Contagion unsettles the viewer in its opening moments, by way of the same trick Hitchcock used in Psycho. It kills a big star. Gwyneth Paltrow, as a businesswoman just back from Hong Kong, is dead before the first reel has unfolded. Her young son dies soon afterwards. Her husband, Matt Damon, seems to have survived exposure to the virus, but by now the audience thinks this is a story that could go anywhere. Later in the movie, Kate Winslet as a brave epidemiologist contracts the virus and dies too.

Much of the film follows the efforts of government employees to control the spread of the virus and research a cure. If they react too hastily, they will spread panic. React too slowly and millions more will die.

Much of the film’s power comes from Soderbergh’s self-imposed rule that he would only show the wider consequences of the disease through the experience of the key characters. Where some film-makers  would cut to news broadcasts relating the story of the virus’s progress around the world, Soderbergh and Burns stay with the experience of a small number of people. For that reason, it packs more of an emotional punch than the 1970s disaster movies that have been cited as an influence.

Matt Damon in Contagion

If this idea had been filmed in the 1970s, you can be sure the government departments in the story would have been busy covering up the truth about the virus. But one of the strengths of Contagion is that almost everybody is trying to do the right thing. The scientists and the Homeland Security officials (Winslet, Marion Cotillard, Laurence Fishburne, Jennifer Ehle, Elliott Gould, Bryan Cranston) are all there to serve the public. Once, this view of officialdom might have looked naïve, but in today’s world, where people are so keen to see conspiracy everywhere, it looks refreshingly rational. For most of its running time, the film doesn’t have a villain. Even when one official takes an epidemiologist hostage in an effort to ensure his infected village will get a vaccine, he’s doing it out of desperation.

I say for most of its running time the film doesn’t have a villain, because I think the film does take one misstep. That’s in relation to Jude Law’s character, a blogger who perpetually decries official organisations and corporations, but who turns out to be secretly taking millions to promote someone else’s agenda. It’s an unnecessary twist. The real risk from the crazier citizen journalists in such circumstances is not that they are secretly corrupt, but that they can do untold harm by sincerely promoting voodoo medicine and conspiracy thinking.

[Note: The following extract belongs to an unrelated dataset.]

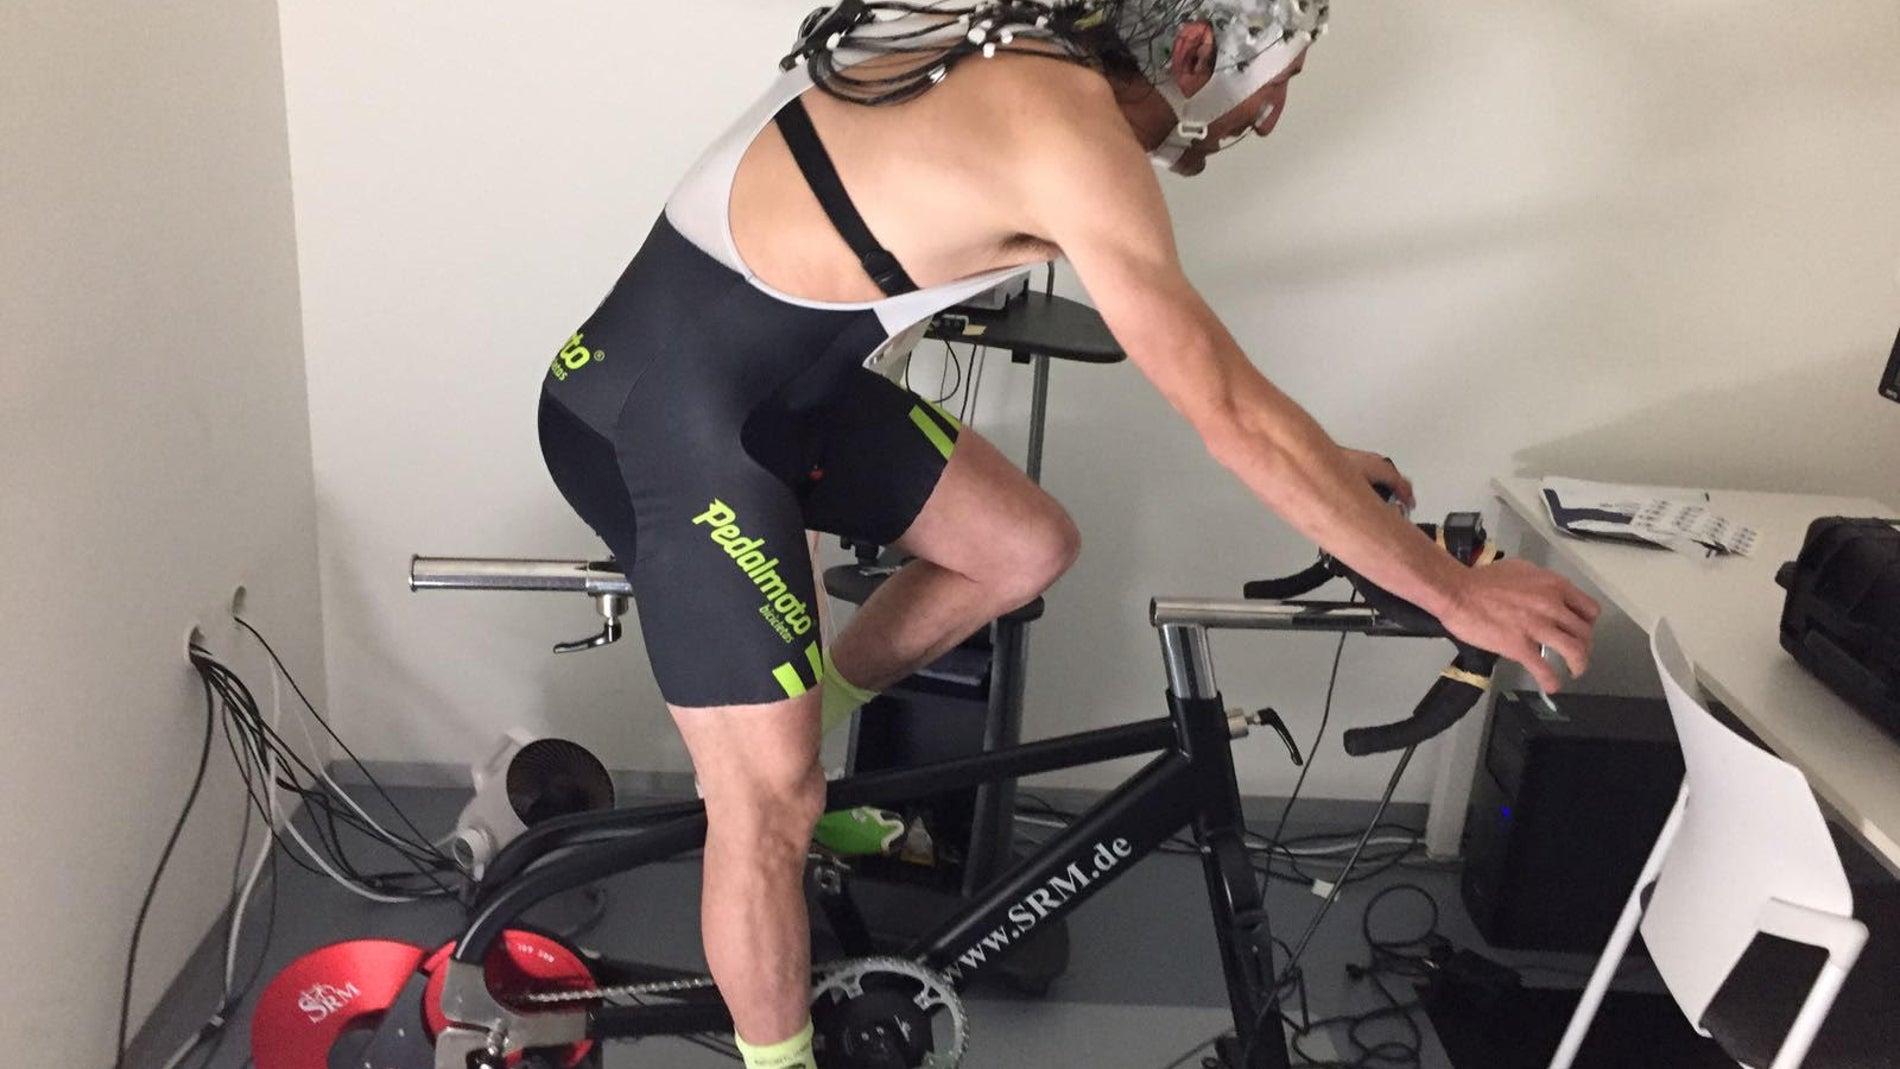 Participante en un estudio sobre la influencia de la estimulación cerebral en el rendimiento deportivo.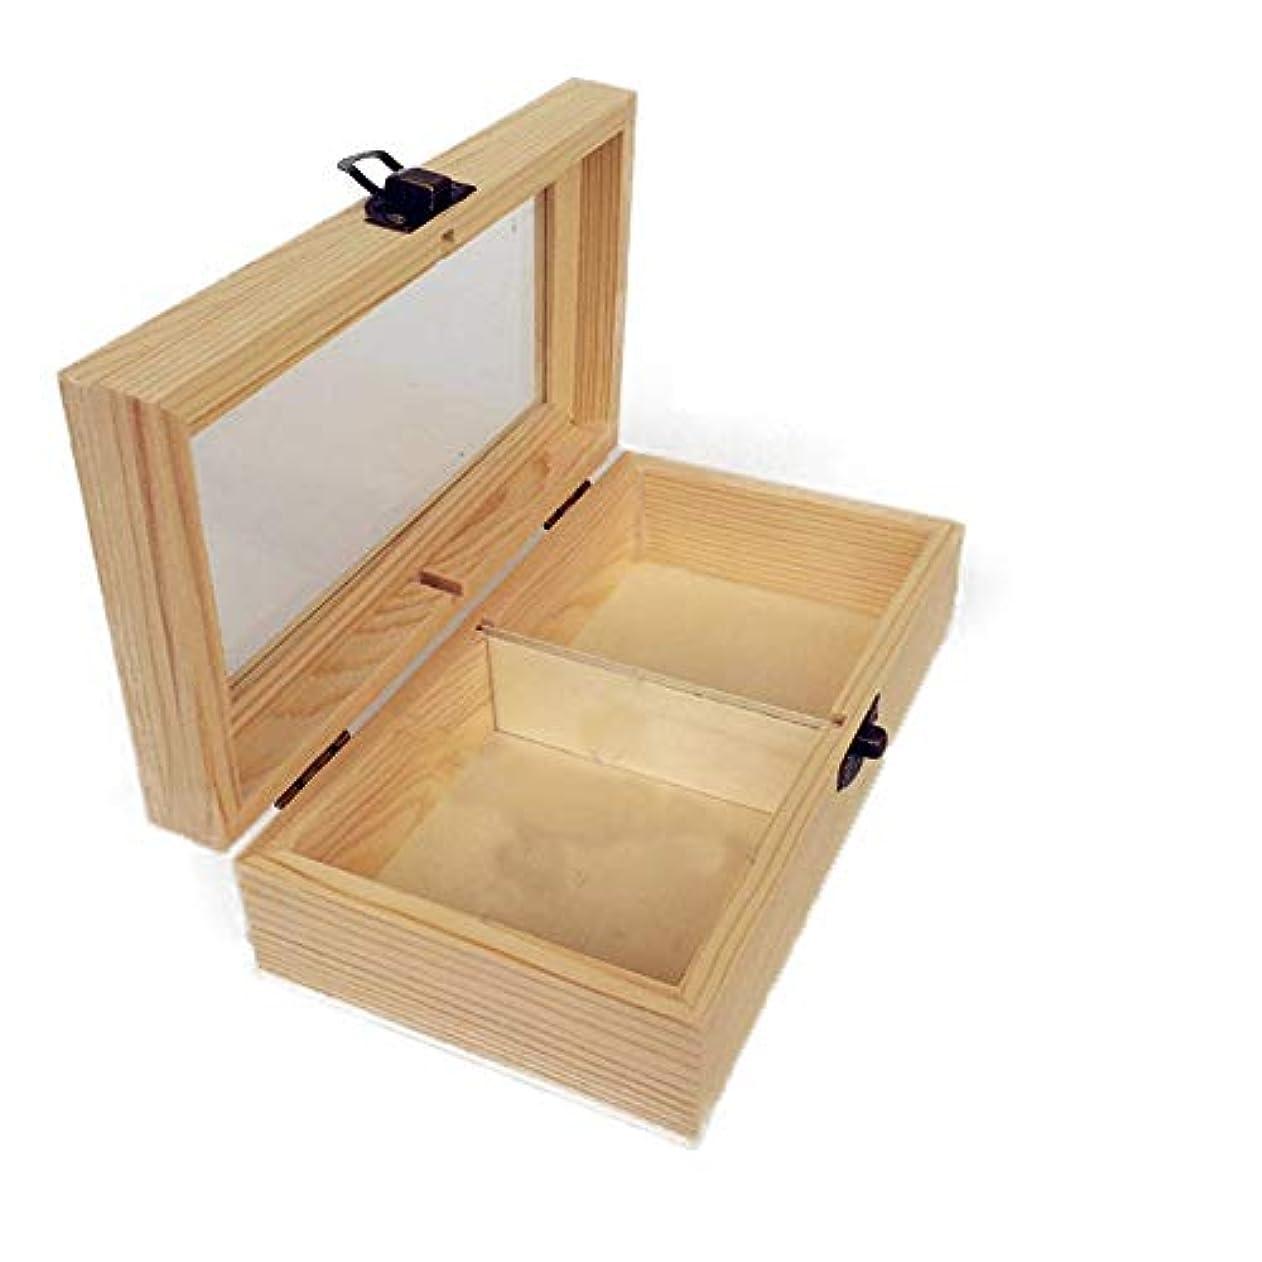 初心者巻き取りレッスンエッセンシャルオイルストレージボックス プレゼンテーションのために手作りの木製ギフトボックスパーフェクトエッセンシャルオイルケースにエッセンシャルオイルは、被害太陽光からあなたの油を保護します 旅行およびプレゼンテーション...

Much “serious” science fiction is based on known science plus a bit of intelligent speculation. The unsettling thing about Contagion is that pretty much all the science in the movie has already been established in the real world. The element of speculation is just about the circumstances that might lead to such a virus appearing and getting out of control.  For that reason, you might argue that Contagion isn’t really SF at all. But it’s certainly a resonant, disturbing account of a real threat to human existence.

As the film ends, you might joke weakly about wanting to go and scrub your hands. But the humour may be covering an uncomfortable awareness of how vulnerable we all are to natural forces that basically want us dead.